Here's the view from the hotel on day one, the sun is out and the temperature is in the high 70's.


NEWS UPDATE 5/1/2011 -

For those who know the significance of the Mille Miglia, it won't be a surprise to see the quality of the cars that are selected to participate. Out of more than 1500 entrees, only a maximum of 375 cars are selected to participate.

The organisers have a special committee, with adequate Italian Style rules to decide who is going to be part of the event, and who doesn't.

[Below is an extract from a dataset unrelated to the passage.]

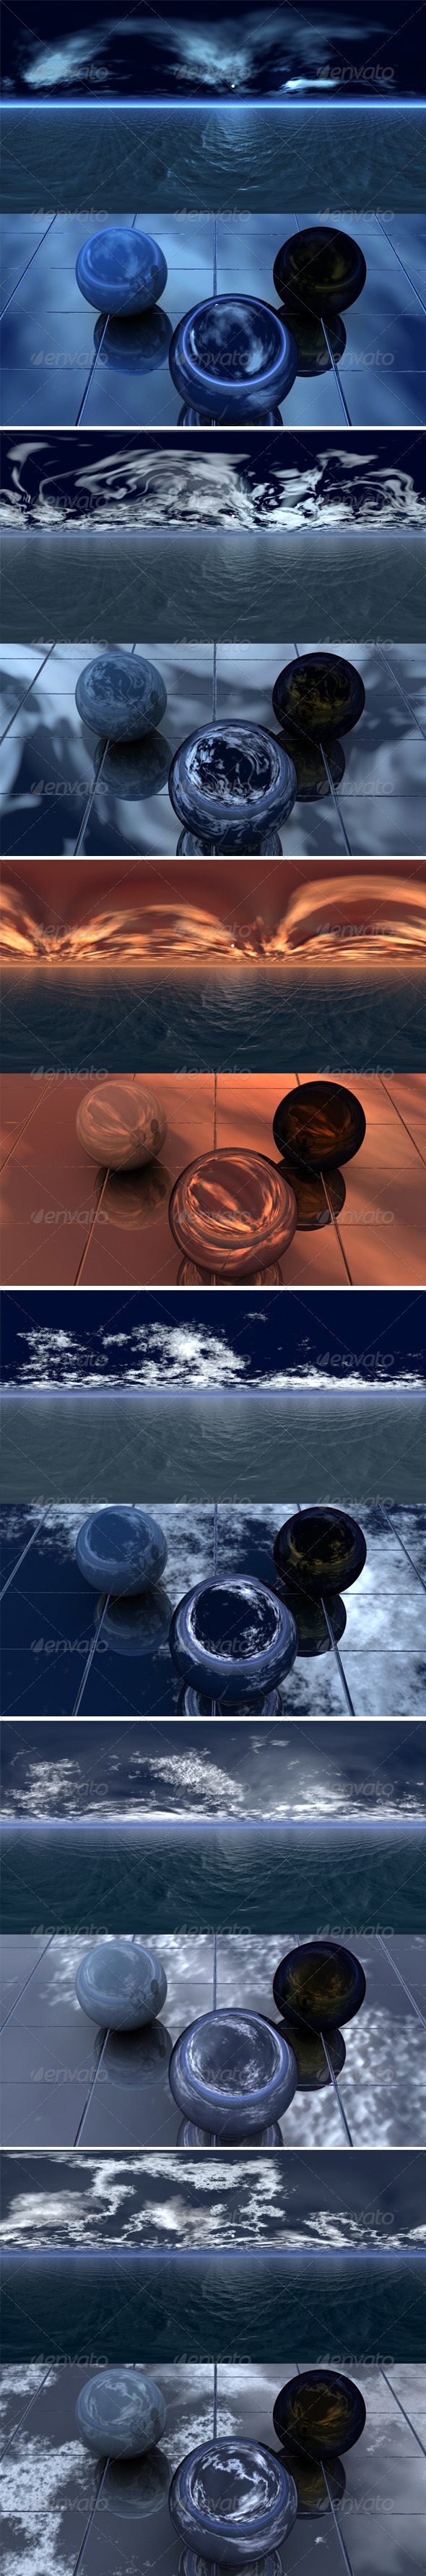 Night Sea - pack - 3DOcean Item for Sale

To see all the participating cars please click on this link, make sure you have a bit of time on hands to go through this virtual museum: http://www.1000miglia.eu/form/vetture_accettate.php

As from the 12th of May, the official Mille Miglia site will allow you to follow your favorite cars. I hope Siata Nr 184 will be on your list. Just click on this link: http://www.racelink.it/mm/live/index.php?lan=ENG

I will leave this Saturday to go to Milan. The Siata will be waiting for us at the airport, but she is not drivable. During transport to Milan, somebody unfortunately put a strap around a brake line and tore the line in pieces. Luckily for us, I have all the dimensions on file, and will go to Italy with a new brake line and extra brake fluid to repair the car at the airport. The plan from there is to drive to Brescia where the technical inspection is planned for the 10th.

Next time , I will be greeting you from Italy,

Ciao amici,

yves 5/1/11


Video of last year's Mille Miglia rally - Nr 199 is THE car!